January 28, 2022 Update

Seems apposite
By Andy Delaney

I will attempt to write an update (on the weeks SCOV issues opinions) on a weekly basis this year. Will I succeed in doing so? Who knows?   

Two opinions this past week: one entry order and one regular opinion, both in criminal law.

 We’ll start with the entry order. Mr. Labrecque has been trying to get out of jail on bail for a few years now. He’s accused of repeatedly sexually assaulting his partner’s daughter. Last go-‘round, in July ’21, he got SCOV to reverse and remand on the trial court’s failure to properly consider his electronic-monitoring proposal. This sequel is a different story and SCOV affirms this hold-without-bail order. This time, the trial court did consider the electronic monitoring issue and decided against it for articulated reasons—specifically that his partner would be working 50 hours a week, defendant’s criminal history, and defendant’s proximity at the proposed residence to a school and teenagers. An interesting wrinkle here is that Odyssey (the relatively new e-filing system in Vermont) is involved and there’s an indication that counsel didn’t attend a hearing where a decision was issued because of Odyssey irregularities and two different appeals got filed as a result. SCOV just glosses right over those issues, even though to find jurisdiction it has to acknowledge that the record in Odyssey ain’t exactly accurate. At any rate, SCOV concludes that defendant’s criminal history and the evidence in the case weigh in favor of detention in this case, over any mitigation of public-safety concerns presented by electronic monitoring. State v. Labrecque, 2022 VT 6 (mem.)
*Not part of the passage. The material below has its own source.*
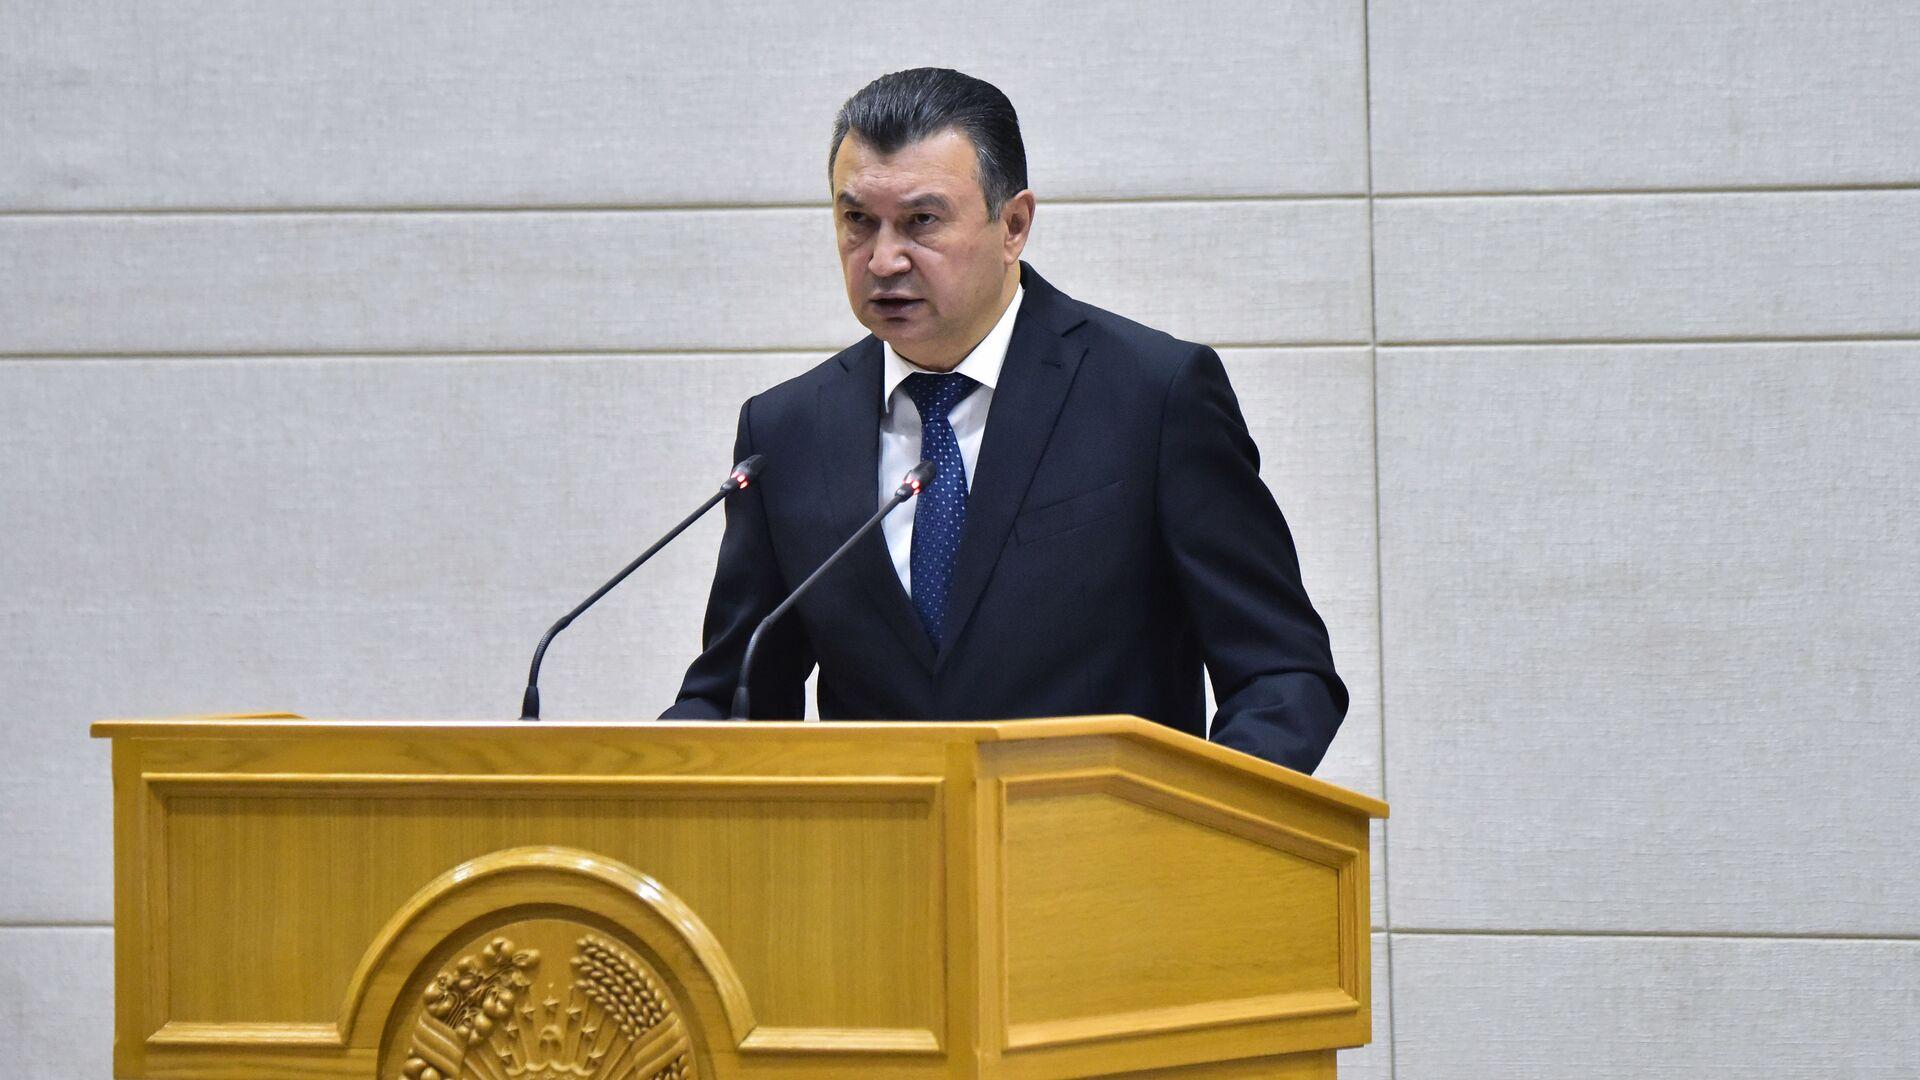 Премьер-министр Таджикистана Кохир Расулзода на заседании правительства 2021 - Sputnik Тоҷикистон, 1920, 29.07.2021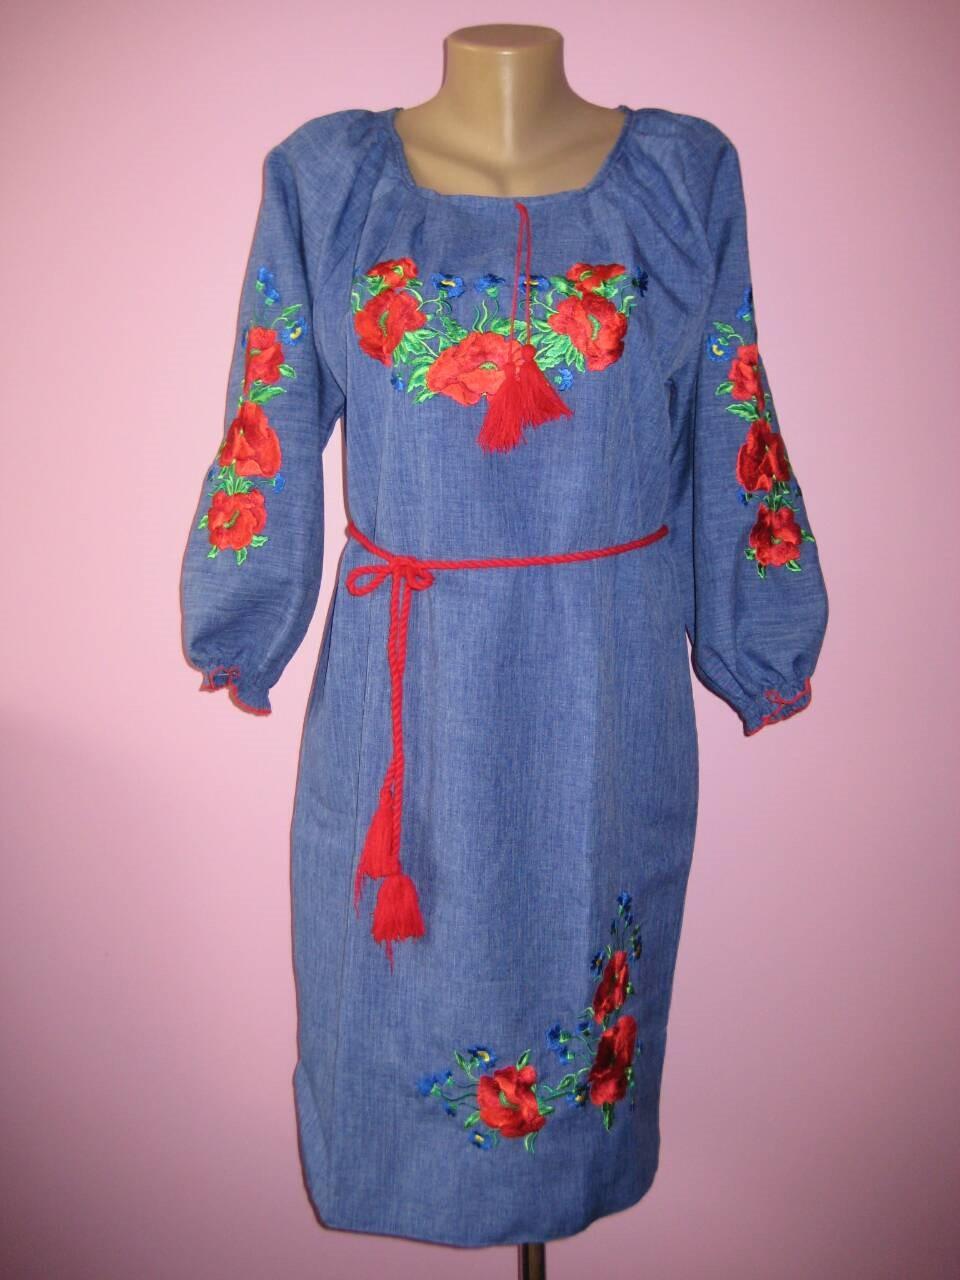 Женское платье с вышивкой (джинс), 46-52 р-ры, 500/570 (цена за 1 шт. + 70 гр.)

This week’s full-court opinion is an interlocutory appeal on whether a person can be charged under the “luring a child” statute, when the person charged believes he’s communicating with an adult to arrange sexual contact with a child, and the child turns out to be fictitious. Survey says . . . Yep. Defendant met a woman in an online chat room who said she had a seven-year-old and thirteen-year-old daughter. Defendant attempted to arrange to have sex with the woman’s thirteen-year-old daughter. Turns out woman was a cop and thirteen-year-old daughter was not real. The police tracked down defendant and charged him under the statute. (A brief aside: in general, I don’t like the idea of law enforcement baiting people to commit crimes and then charging them, but here I can make an exception.)

Defendant moved to dismiss, arguing that he thought he was communicating with an adult woman, not a child and therefore the statute didn’t apply. The trial court reasoned that the statute prohibited solicitation “by any means” and that covered this situation. Defendant moved to reconsider and that was denied. Defendant then filed a second motion to dismiss, arguing that the statute requires existence and proof of a human child who is the subject of the solicitation, which was not present in his case. The trial court rejected the argument reasoning that the elements were satisfied in this factual scenario but certified the question for interlocutory appeal.

On appeal, SCOV affirms the trial court’s denial of defendant’s motions to dismiss, reasoning that the term “another person believed by the person to be a child” makes it clear that the only thing required is the defendant’s belief that a child exists, not an actual child. SCOV runs through some case law from other jurisdictions and explains that under the statute, the crime of solicitation is complete upon its attempt—there is no requirement of an act. This one goes back to the trial court for further proceedings. State v. Vogel, 2022 VT 5.